In April 2006, Eastham filed a Complaint alleging that USCP engaged in disability discrimination against him by failing to grant certain requests for accommodation, in violation of the Americans With Disabilities Act (“the ADA”) and Section 201(a)(3) of the Congressional Accountability Act, 2 U.S.C. 1311(a)(3) (“the CAA”). The Complaint also alleged that USCP retaliated against Eastham for asserting his rights under the ADA by refusing to grant him a noncompetitive promotion and by failing to engage in an “interactive process” to identify reasonable accommodations, in violation of Section 207 of the CAA. Finally, the Complaint alleged that USCP created a retaliatory and discriminatory hostile work environment.

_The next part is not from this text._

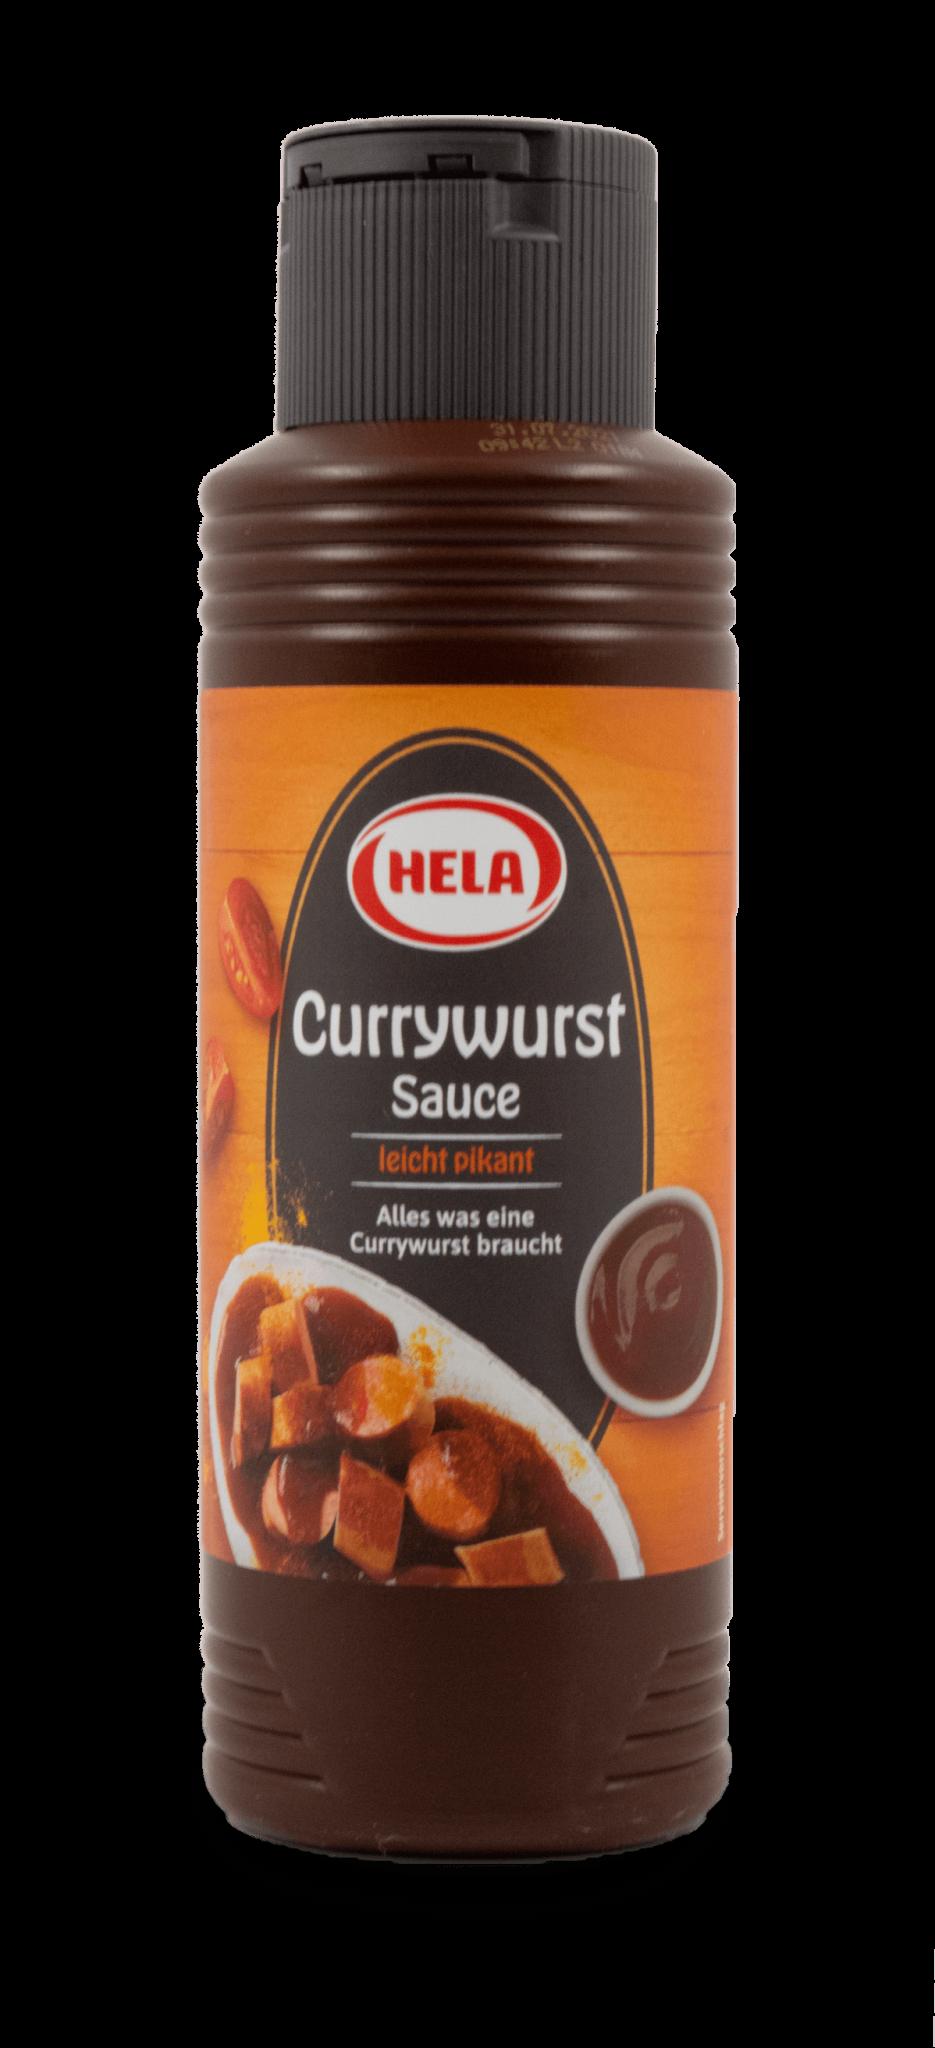 Hela Curry Wurst Sauce
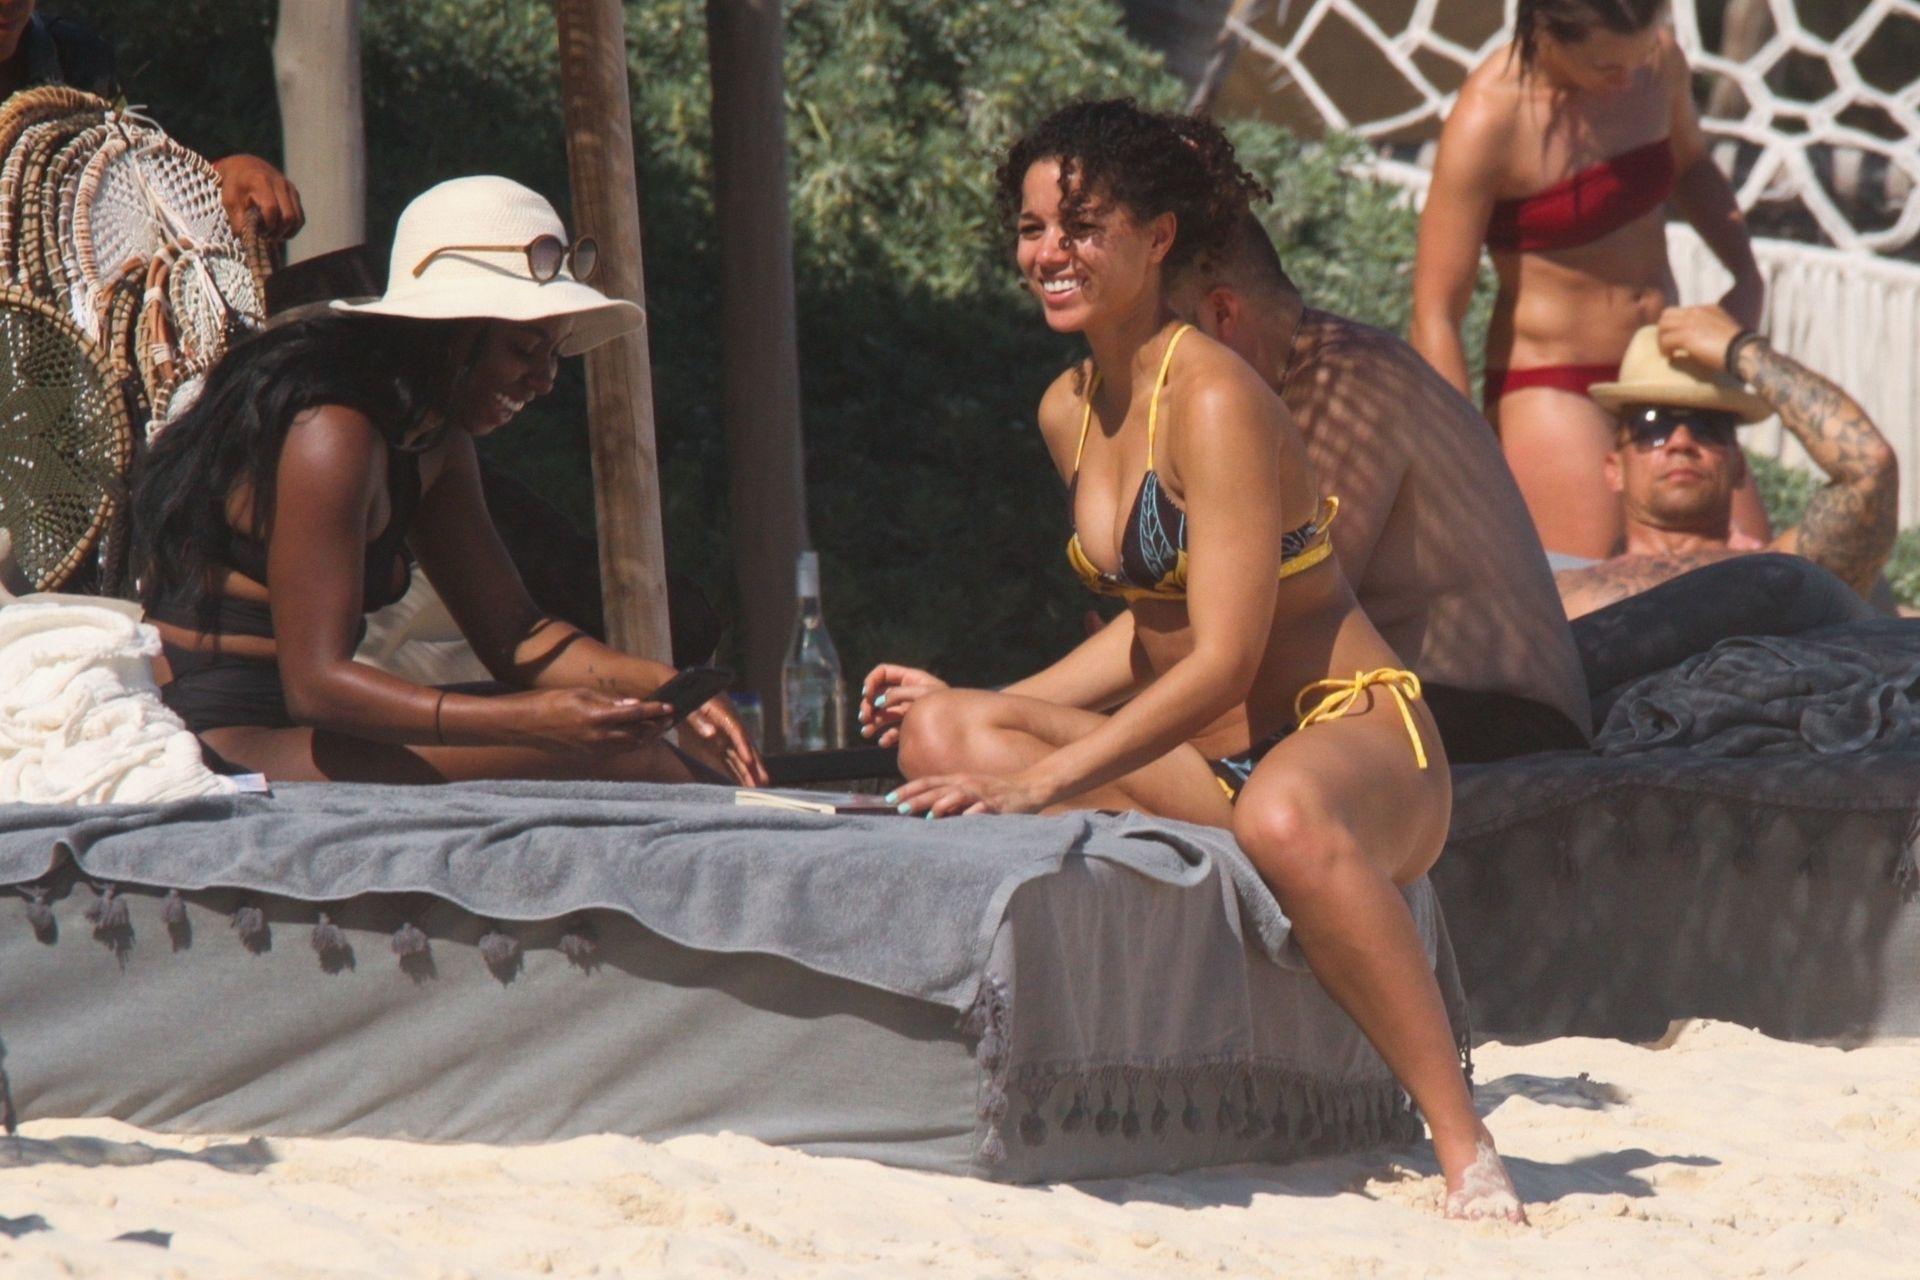 Alisha Wainwright Enjoys A Sun Filled Getaway In Tulum 0051

This case was docketed on our records as No. 5-CP-55 (DA,RP) (hereinafter “Eastham I”).

On May 30, 2007, the Board issued its Decision in Eastham I, in which it affirmed the hearing officer’s decision granting USCP’s motion for summary judgment and dismissing the Complaint in its entirety. Thereafter, Eastham filed a petition for review in the Federal Circuit (Docket No. 2007-6004). Review proceedings are pending at this time.

II. The Instant Proceeding

In the summer and fall of 2005, numerous meetings were held in response to Eastham’s accommodation requests in Eastham I, during which USCP undertook to identify a vacant position that Eastham could perform with little or no accommodation. By mid-November, a potentially suitable Data Management position in USCP’s Systems Operations Section had been identified and a position description had been drafted with a view to offering the position to Eastham.

On December 19, 2005, after consultation among the affected USCP offices, Ann Kurtz, USCP’s Worker’s Compensation Programs Manager, met with Eastham to discuss the proposed transfer and to explain the various procedural steps that would have to take place before a formal offer could be made.

On January 6, 2006, Kurtz sent Eastham’s doctor a description of the Data Management position and requested that he determine “ASAP” whether the job was one Eastham could perform within his medical restrictions. Ten days later, his doctor replied that the position was suitable. On January 30, Kurtz and Eastham met again, this time with Associate Human Resources Director Jennifer McCarthy present. Eastham was asked to submit his resume, which he did on February 10.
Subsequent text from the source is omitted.